DATA SECTION: Begin

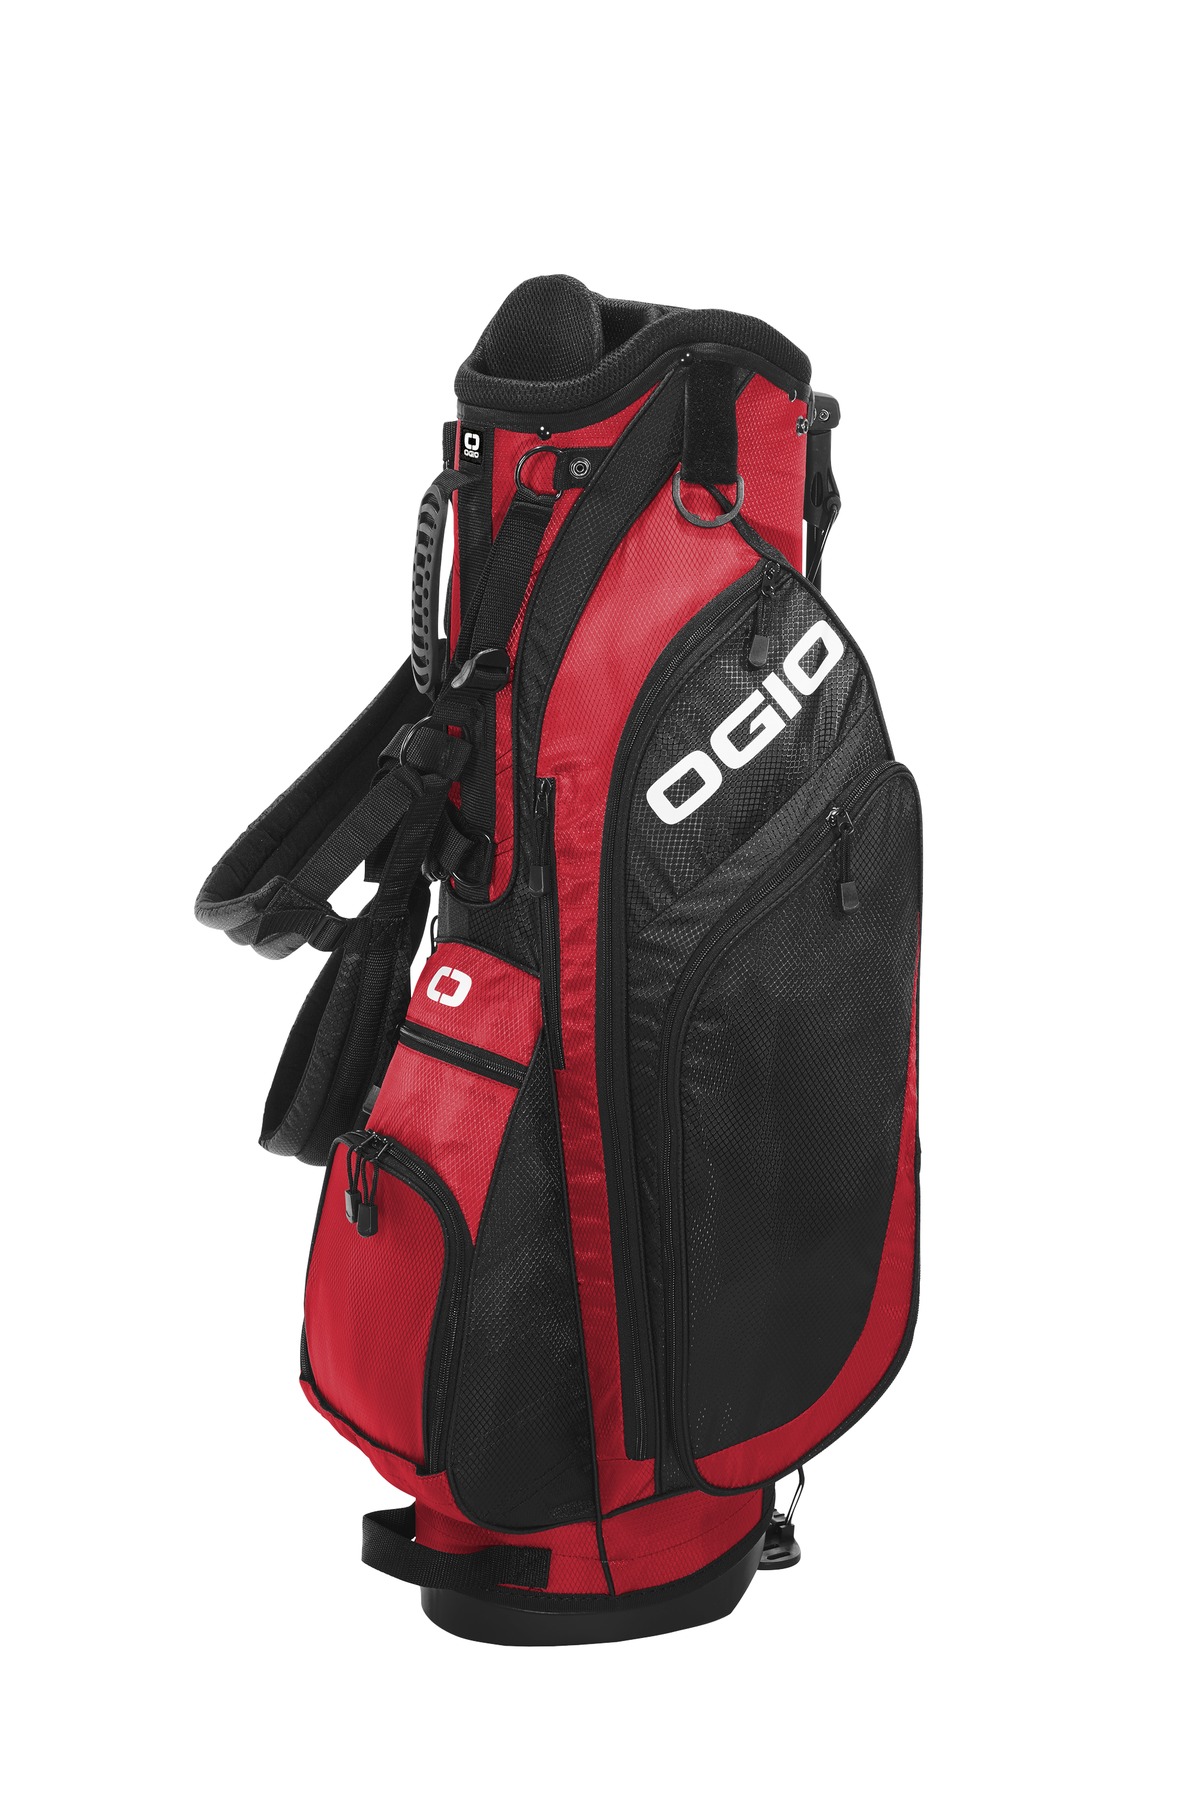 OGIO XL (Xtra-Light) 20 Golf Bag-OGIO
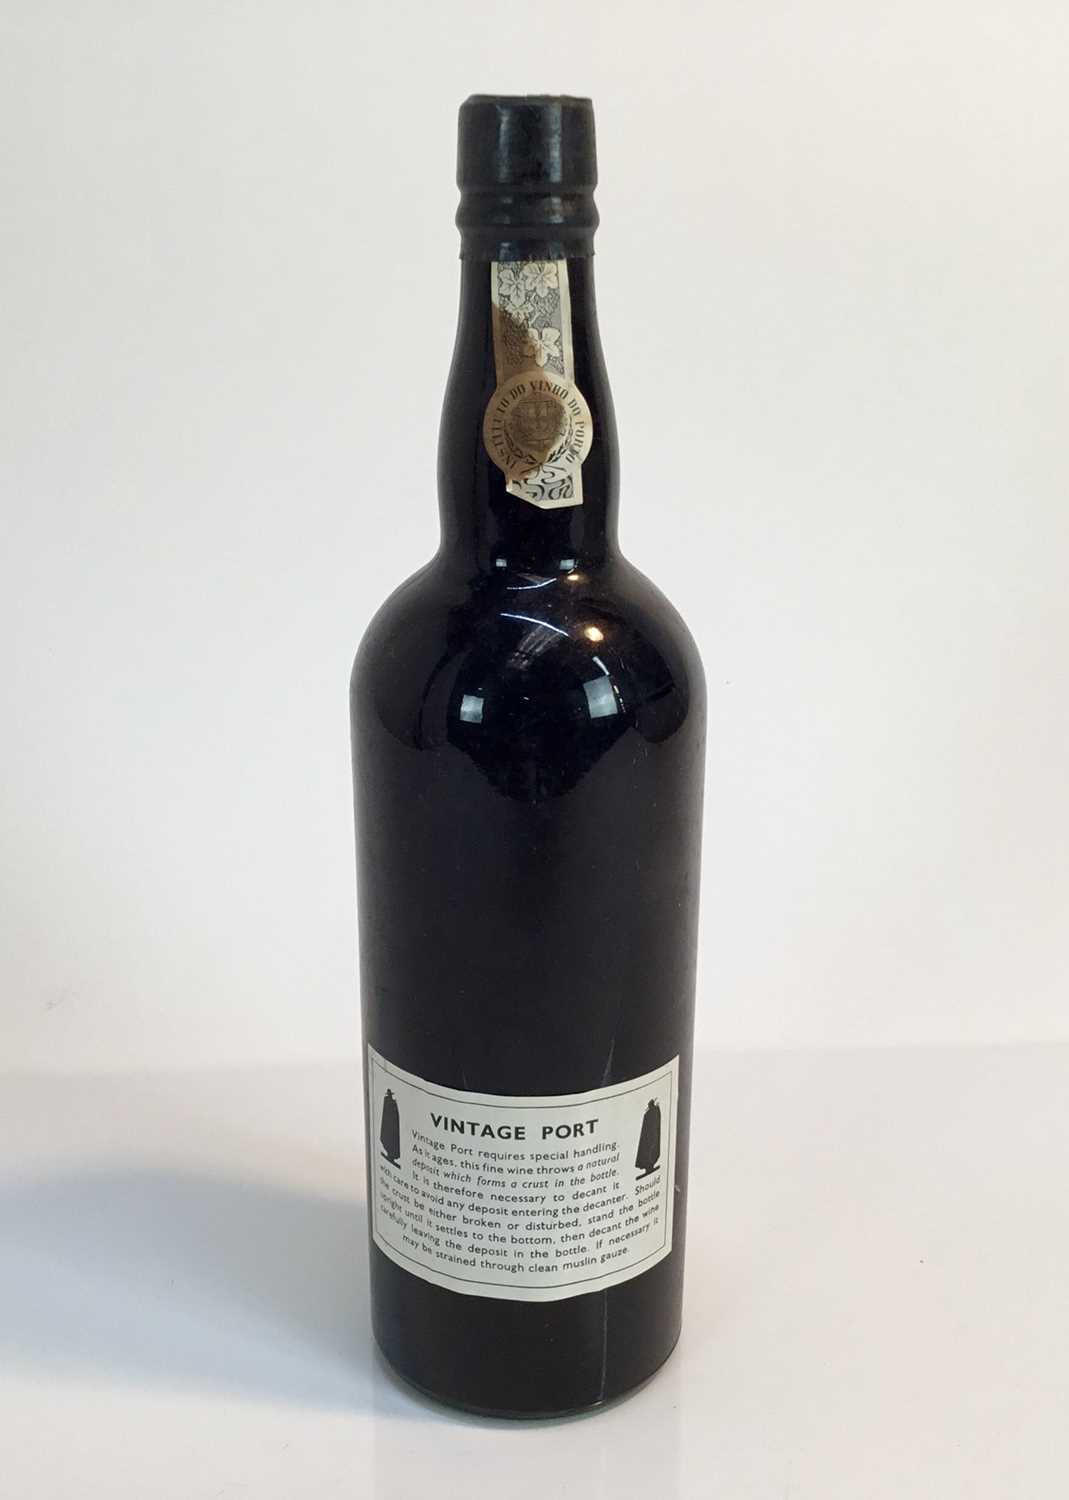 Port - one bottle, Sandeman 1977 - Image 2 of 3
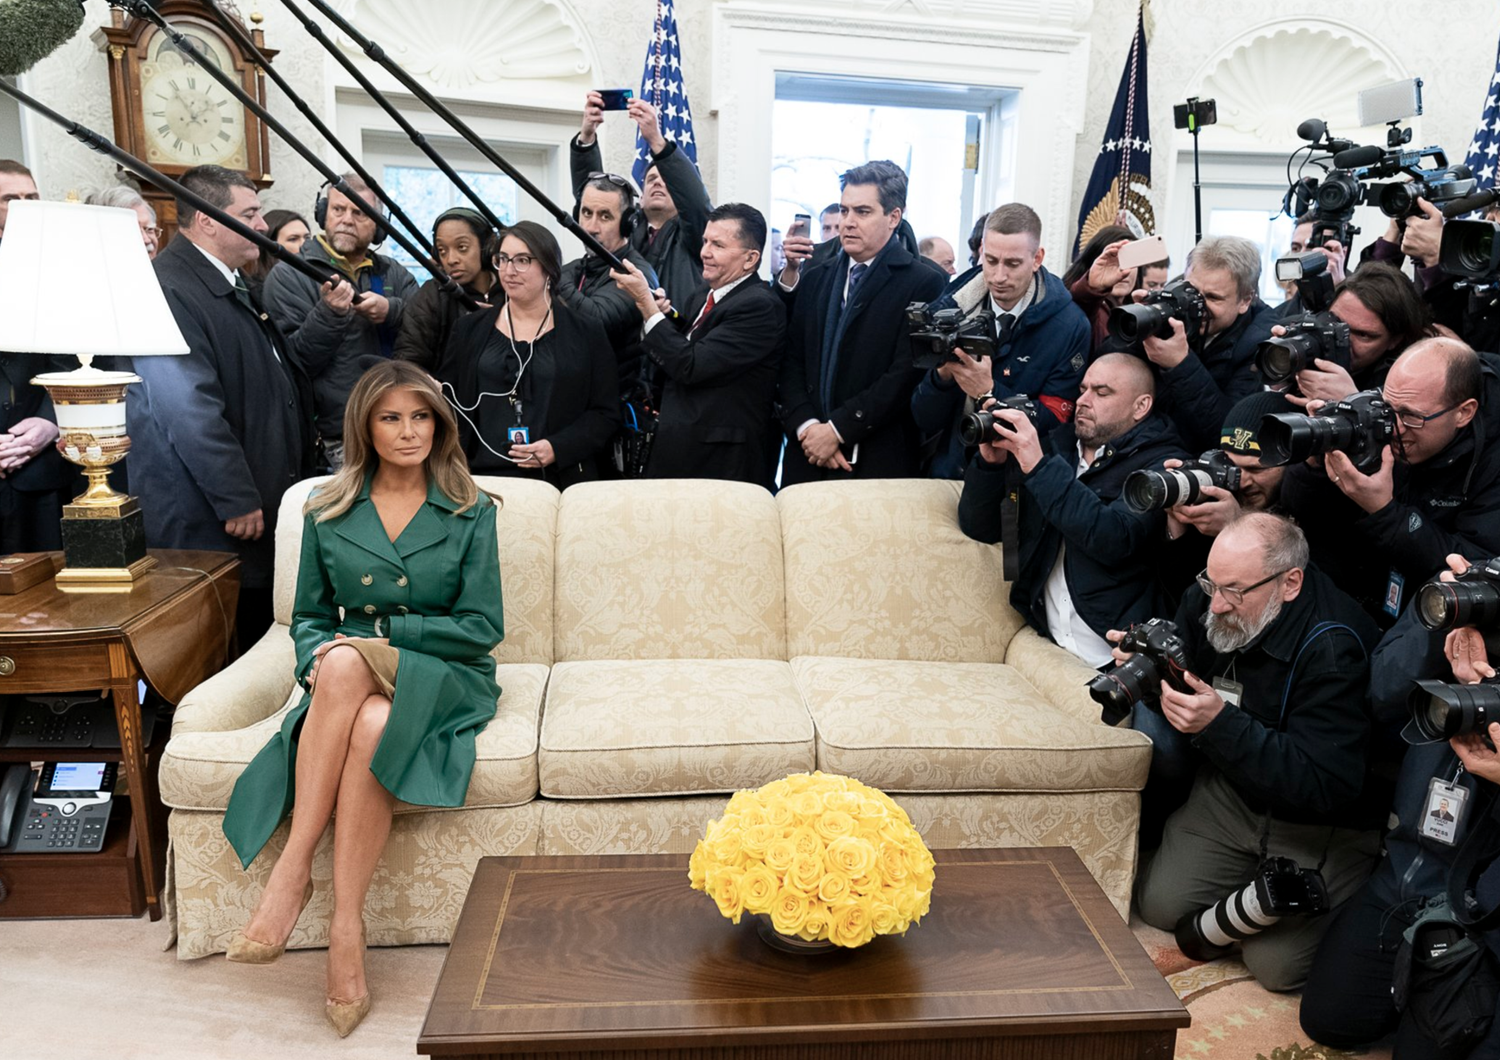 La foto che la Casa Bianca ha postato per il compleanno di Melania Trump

DATA SECTION: End

TASK PROMPT: Where the data contains images, drop them and print the rest exactly.

EXERCISE RESULT:
 OGIO XL (Xtra-Light) 20 Golf Bag-OGIO
 Port - one bottle, Sandeman 1977 - Image 2 of 3
 La foto che la Casa Bianca ha postato per il compleanno di Melania Trump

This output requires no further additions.